We were 40 minutes into what I felt was a fascinating exchange before Jones went full Eddie. “You are going down the wrong line here, mate. Talking some shit now.” I made the mistake of engaging a mercenary in fantasy rugby. I asked him which of the All Blacks or other southern hemisphere blades he would take for England. “None, mate. I’m not a fan, mate, so don’t ask me to answer questions like a fan, right?” For a moment I wondered if that might be it. An Eddie walk out. “You want me to be a fan, get me after 2023. I don’t see the game that way. I’m here to coach England. I’m happy with what I’ve got.”

Suitably supine, like a dog setting his ears low before the alpha, I figuratively begged forgiveness. He growled a bit, looked askance and gave me 10 more minutes. Time to throw in a few World Cup questions. We spoke in the early part of our conversation about the coaching method, English character, his love for Owen Farrell, cultural differences that separate the hemispheres. We slipped codes to association football; talked Pep Guardiola, Jurgen Klopp and the dysfunction of Manchester United. He had good news for them, but first the meat of the matter. Did the series win in Australia represent genuine progress and what does he expect of England at the World Cup in France. Can we get to that level of performance that toppled the All Blacks in the 2019 and prevail in the final?

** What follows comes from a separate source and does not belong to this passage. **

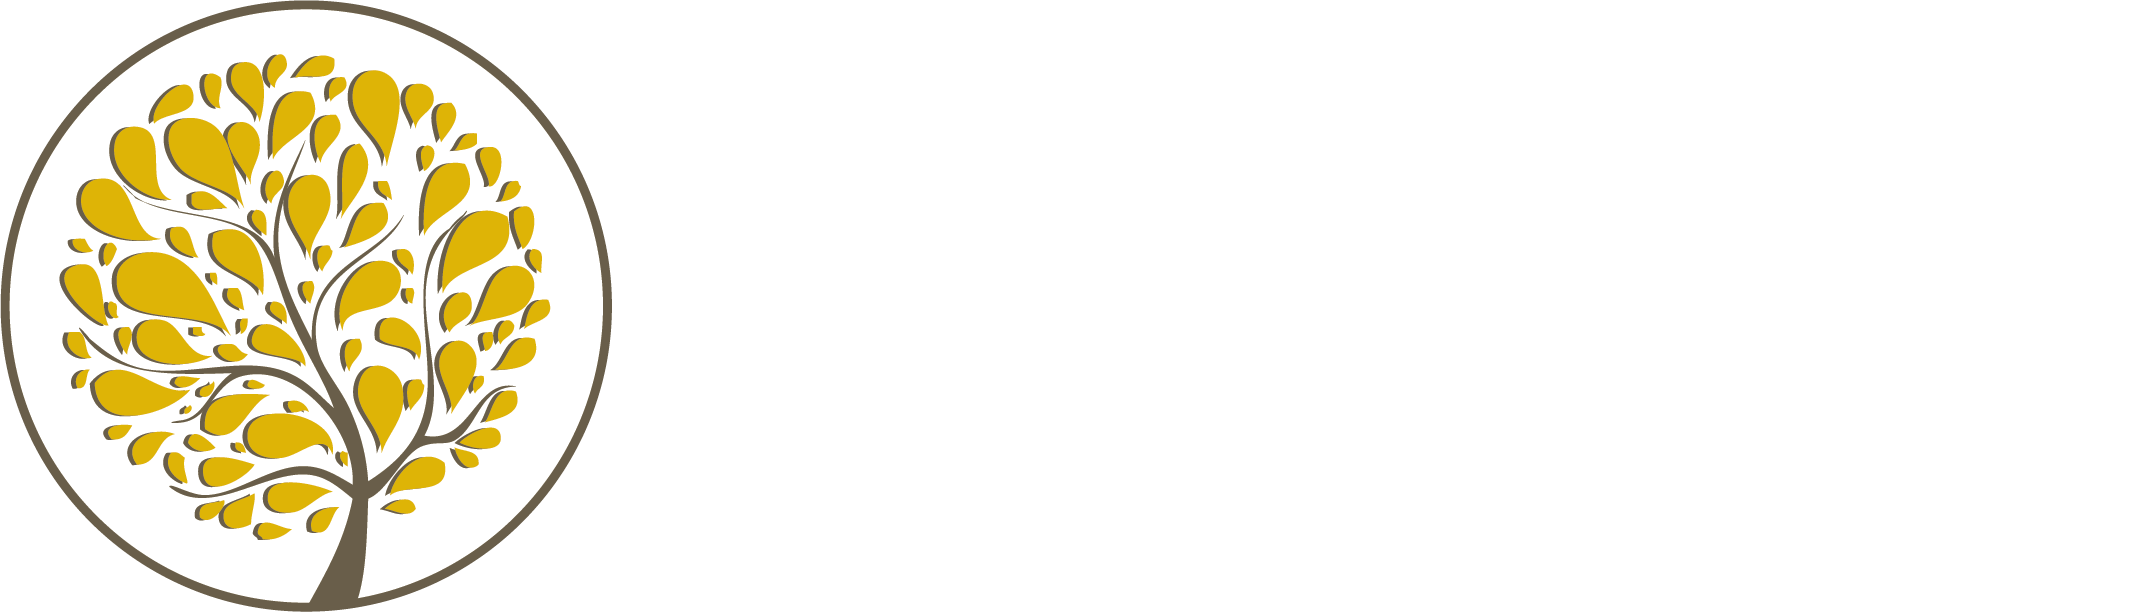 Mason Health and Rehabilitation - Mason Health and Rehabilitation Center

“We can be even better,” he said. On what basis? “The quality of players, quality of coaching and I think there will be a good desire about the England team to want to be better than England has ever seen.” A powerful statement. “Do you want to hold yourself to that?” I asked. “100 per cent,” he said, the cheeky grin returning.

Jones says Farrell (left) has skills that can’t be coached: ‘He’s a warrior’ (Photo: Getty)

England went to Australia on the back of a poor Six Nations, suffering punishing defeats to Scotland, Ireland and France. The style of play as well as the results led many to question the wisdom of continuing with Jones. The mood darkened still further when England slipped to a fourth successive defeat in Perth. The critics piled in. It is at moments like this that Jones draws down on all his experience, stripping the hour of emotion and reacting decisively.

Having given scrum-half Jack van Poortvliet a scoring debut in the second half in Perth as replacement for Danny Care, he started him in the second Test and was rewarded with an energetic, inventive display that contributed to an impressive win, which in turn led to a series victory in Sydney, reinforcing his belief in the English resurrection during his final months in office.

Since his arrival seven years ago Jones has been wrestling with what he believes are cultural and structural factors that define the English player. “They are good, tough players. They work hard but they only know what they know. If you have only been in a system where you get to 15, you have a bit of rugby ability and then go to Harrow. Then for two years you do nothing but play rugby, everything’s done for you. That’s the reality. You have this closeted life. When things go to crap on the field who’s going to lead because these blokes have never had experience of it? I see that as a big thing. When we are on the front foot we are the best in the world. When we are not on the front foot our ability to find a way to win, our resolve, is not as it should be.”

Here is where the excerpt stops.